__WHAT YOU HAVE TO DO__
Write out the data word for word, taking care that no picture is carried over.

__INFORMATION PROVIDED__
####
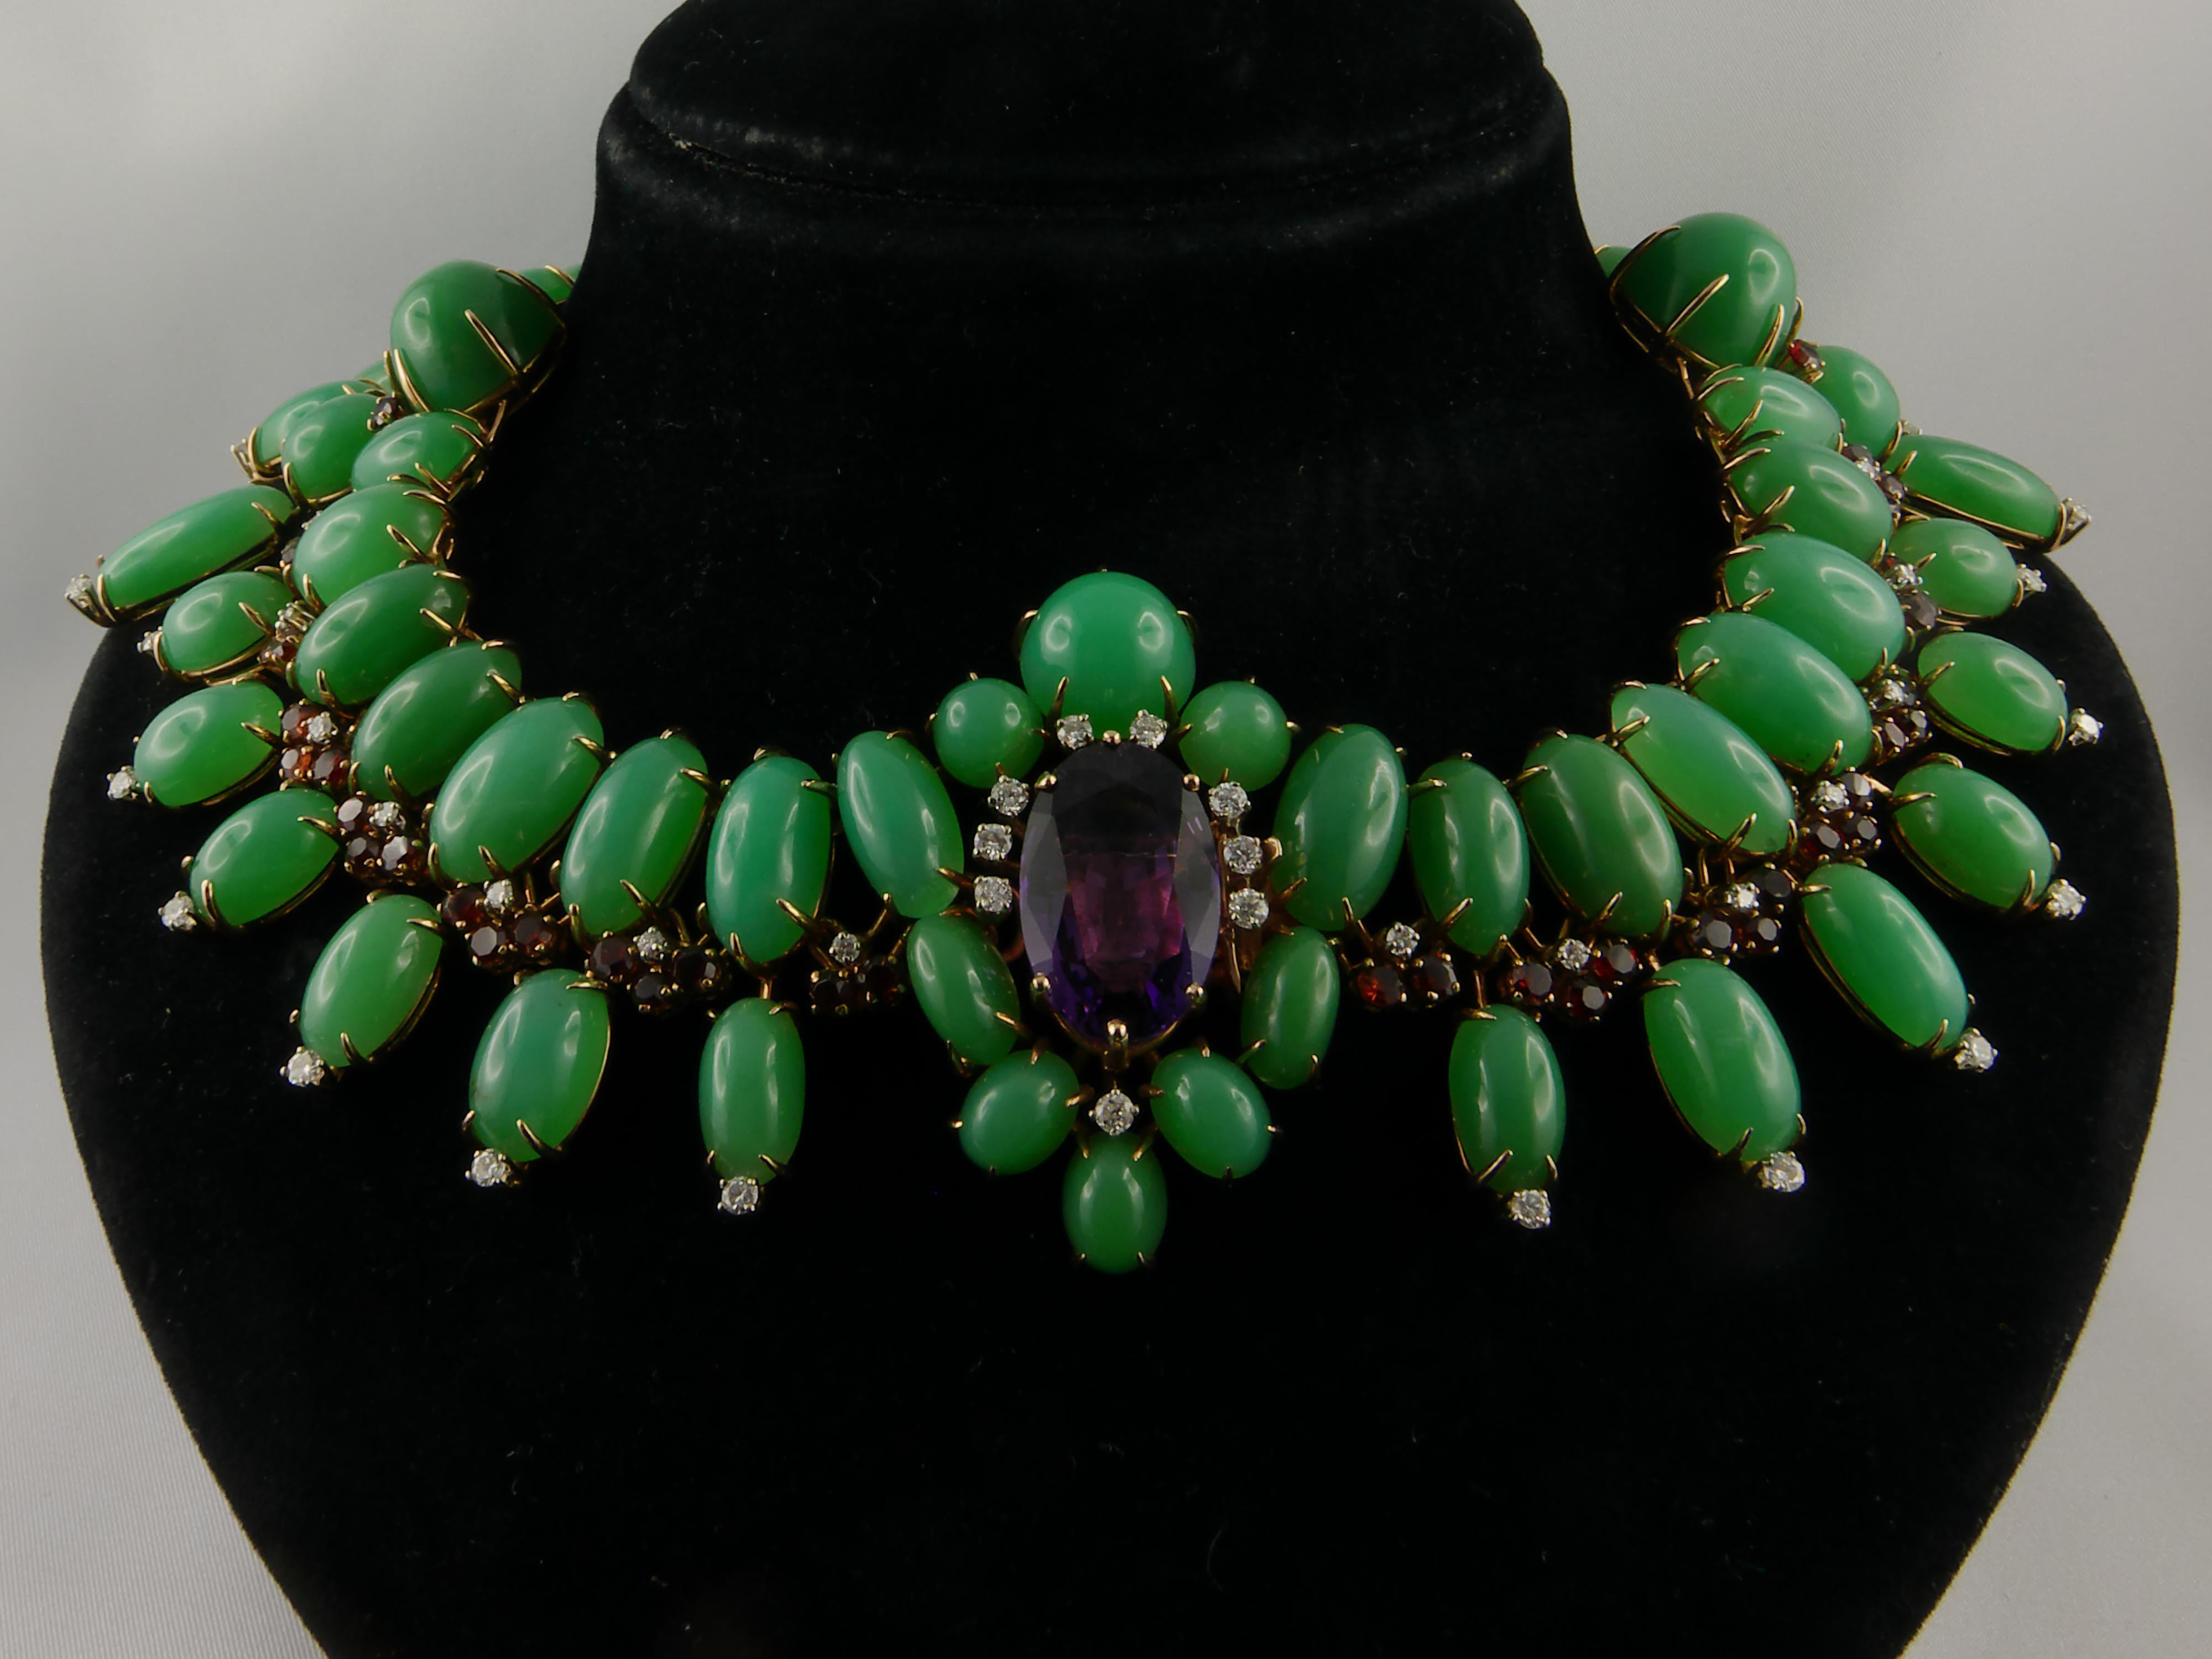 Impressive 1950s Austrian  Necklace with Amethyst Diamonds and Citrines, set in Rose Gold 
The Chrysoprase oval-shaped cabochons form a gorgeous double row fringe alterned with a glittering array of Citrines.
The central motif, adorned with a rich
####
__EXERCISE OUTPUT__
 Impressive 1950s Austrian  Necklace with Amethyst Diamonds and Citrines, set in Rose Gold 
The Chrysoprase oval-shaped cabochons form a gorgeous double row fringe alterned with a glittering array of Citrines.
The central motif, adorned with a rich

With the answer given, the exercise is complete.